SQL Simplified: Optimization Strategies & Enhancing Query Performance with examples.

Mohamed Hendawy
9 min readJan 6, 2024

--

SQL, or Structured Query Language, is the cornerstone of modern database management and manipulation. For software engineers, mastering SQL is not just about writing functional queries; it’s about crafting them for optimal performance and efficiency. This comprehensive guide explores SQL optimization strategies, each designed to enhance the performance of your database interactions.

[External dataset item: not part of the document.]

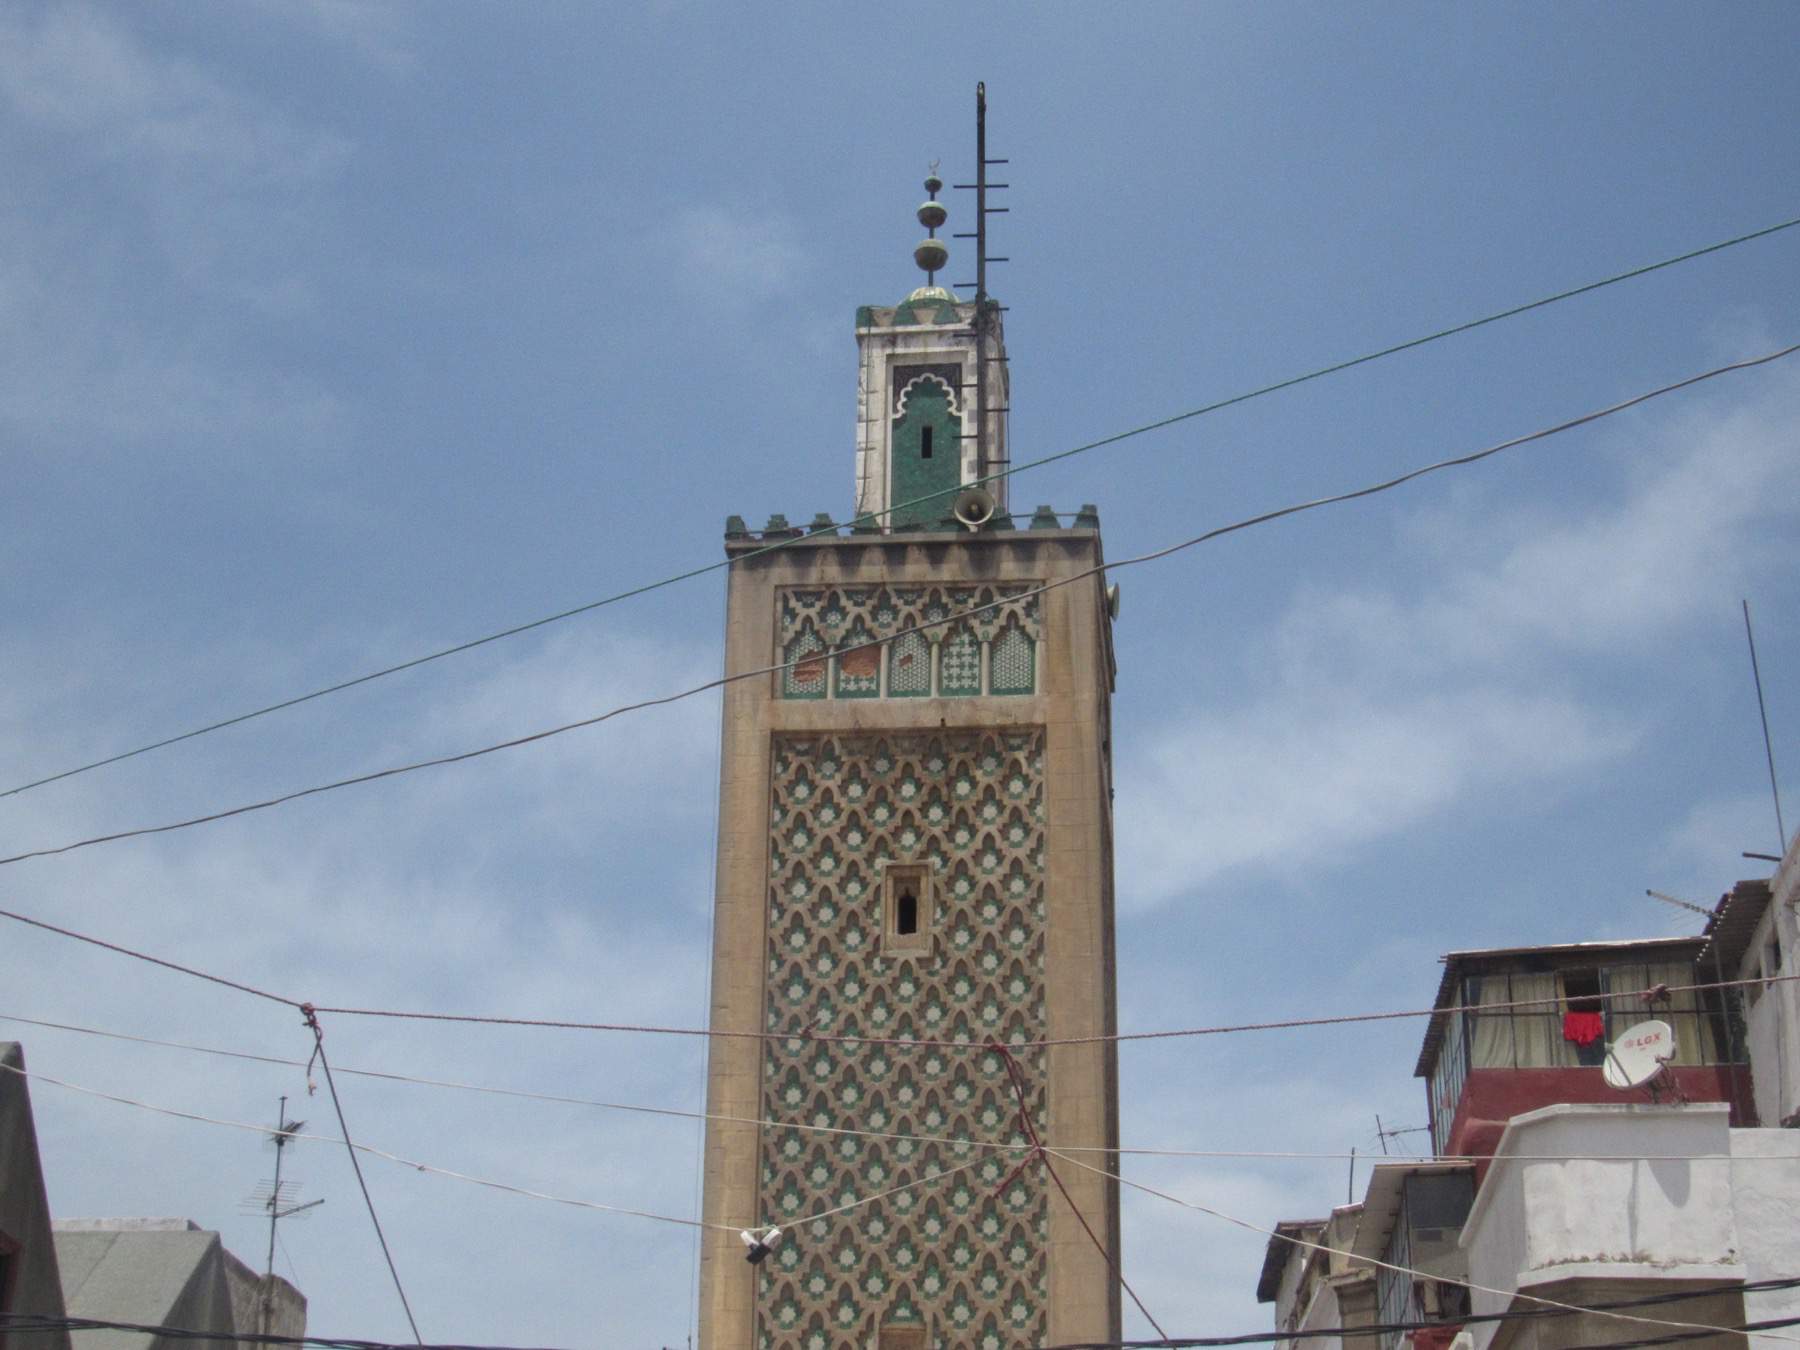 Exterior view of the top portion of the minaret

1. Selective Data Retrieval

Poorly Written:

SELECT * FROM Employees;

Optimized:

SELECT EmployeeID, FirstName, LastName FROM Employees;

Rationale: Reducing data transfer by selecting only necessary columns enhances query performance, particularly for tables with numerous columns.

2. Smart Joins

Poorly Written:

SELECT * 
FROM Orders
INNER JOIN Customers ON Orders.CustomerID = Customers.CustomerID
WHERE Customers.Country = 'USA';

Optimized:

SELECT Orders.OrderID, Orders.OrderDate, Customers.CustomerName 
FROM Orders
INNER JOIN Customers ON Orders.CustomerID = Customers.CustomerID
WHERE Customers.Country = 'USA';

Rationale: Limiting the data fetched in JOIN operations to only relevant columns minimizes memory usage and speeds up data processing.

3. Replacing Subqueries

Poorly Written:

SELECT EmployeeID, 
(SELECT COUNT(*) FROM Orders WHERE Orders.EmployeeID = Employees.EmployeeID) AS NumberOfOrders
FROM Employees;

Optimized:

SELECT Employees.EmployeeID, COUNT(Orders.OrderID) AS NumberOfOrders
FROM Employees
LEFT JOIN Orders ON Employees.EmployeeID = Orders.EmployeeID
GROUP BY Employees.EmployeeID;

Rationale: A LEFT JOIN with aggregation is more efficient than a correlated subquery for large data sets.

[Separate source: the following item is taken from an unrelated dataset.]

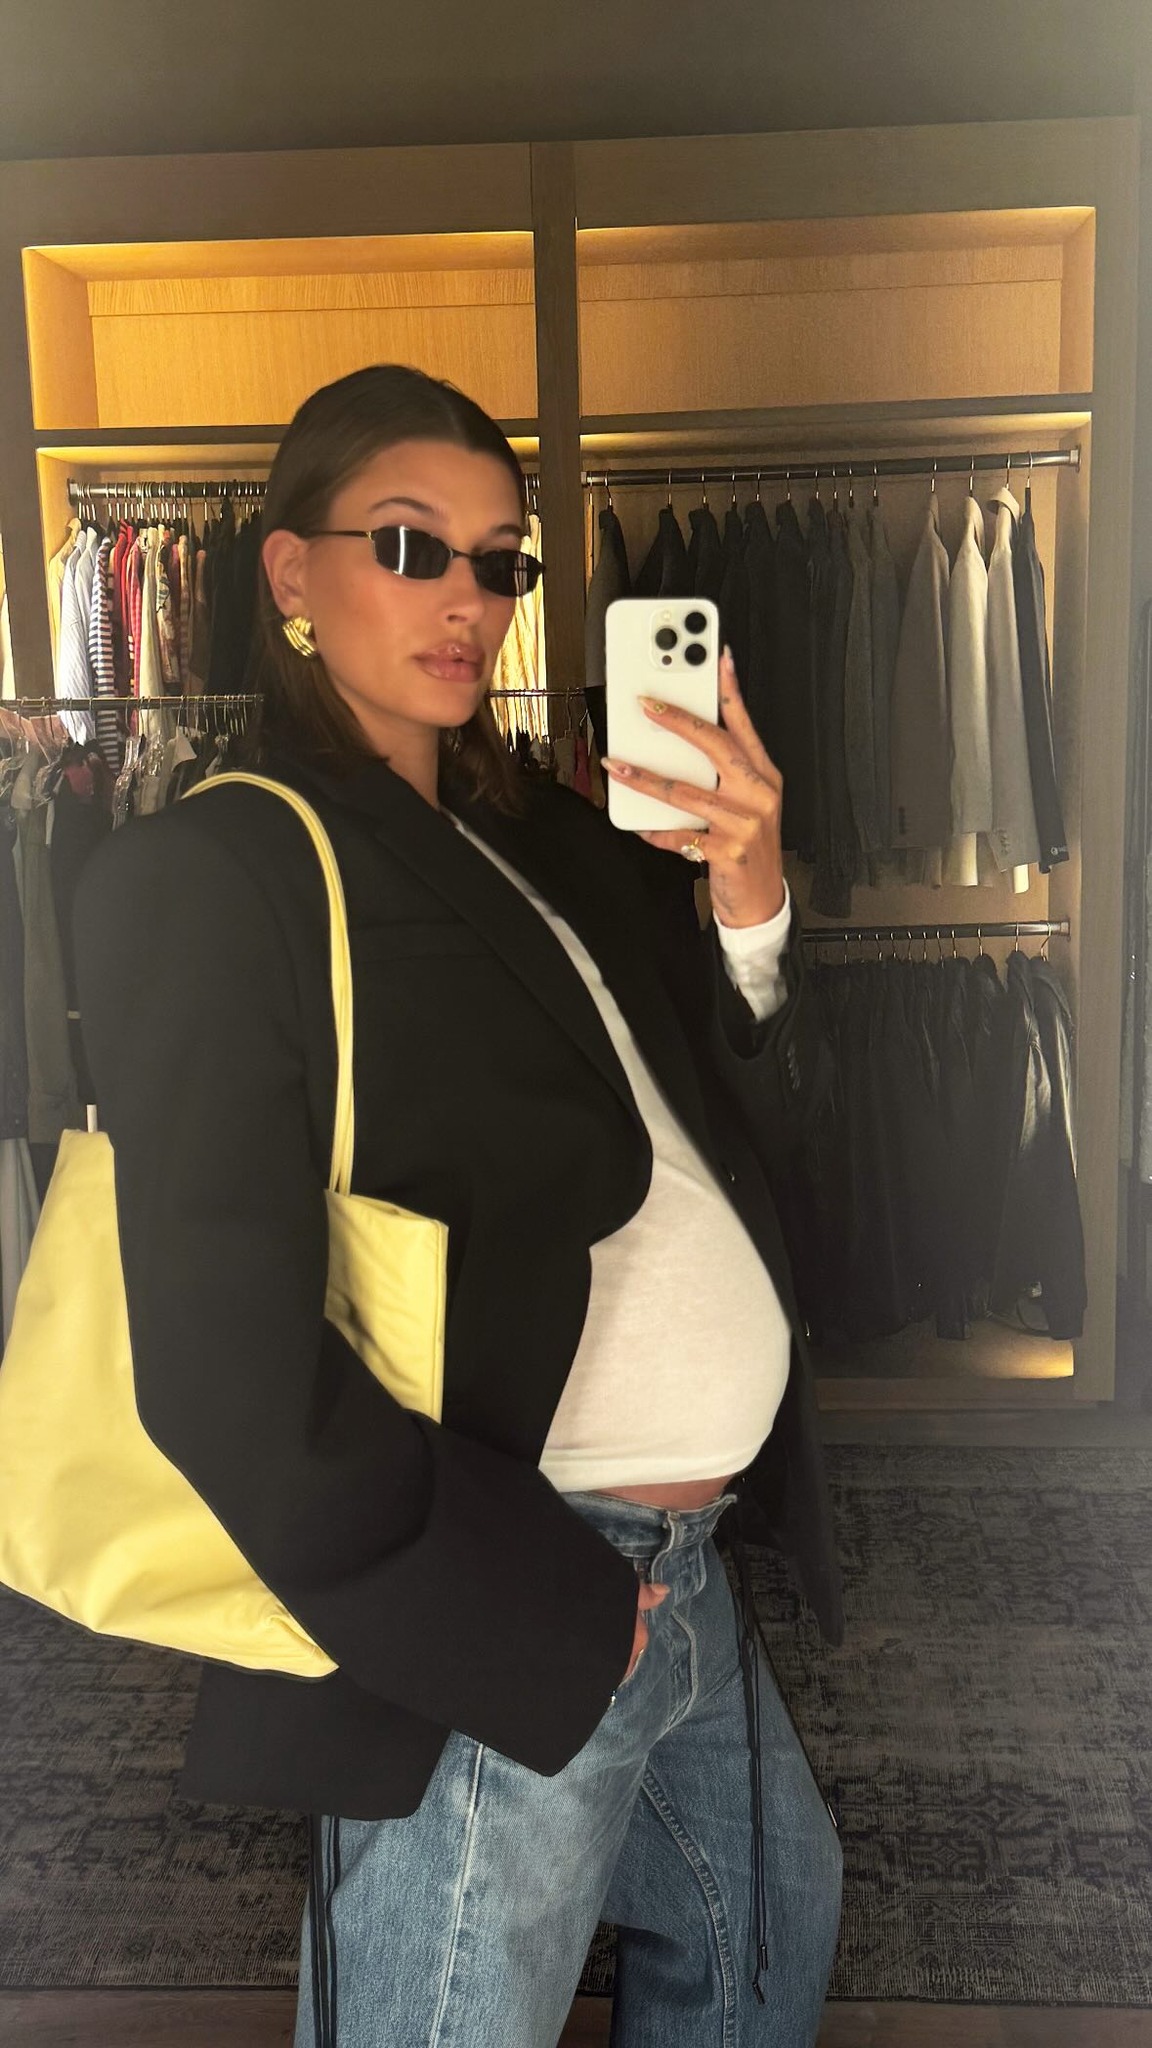 Hailey Bieber shows off her baby bump in a form-fitting white top and low-rise jeans

4. Utilizing Indexes Effectively

Poorly Written:

SELECT * FROM Orders WHERE YEAR(OrderDate) = 2021;

Optimized:

SELECT * FROM Orders WHERE OrderDate BETWEEN '2021-01-01' AND '2021-12-31';

Rationale: The poorly written query uses the YEAR() function on the OrderDate column. This approach has a significant drawback: it prevents the database from effectively using any indexes on the OrderDate column. When a function is applied to a column in a query's condition, the database typically cannot use an index on that column, leading to a full table scan. A full table scan means the database must examine every row in the Orders table to determine if the YEAR(OrderDate) matches 2021. This process can be highly inefficient, especially for large tables with many rows, as it increases the query execution time.

The optimized query, on the other hand, directly compares the OrderDate with a specific date range. This method allows the database to utilize an index on the OrderDate column, if one exists. When an index is used, the database can quickly locate the rows where OrderDate falls within the specified range, without scanning the entire table. This results in a much faster query, particularly for large datasets, as it reduces the number of rows the database needs to check to fulfill the query.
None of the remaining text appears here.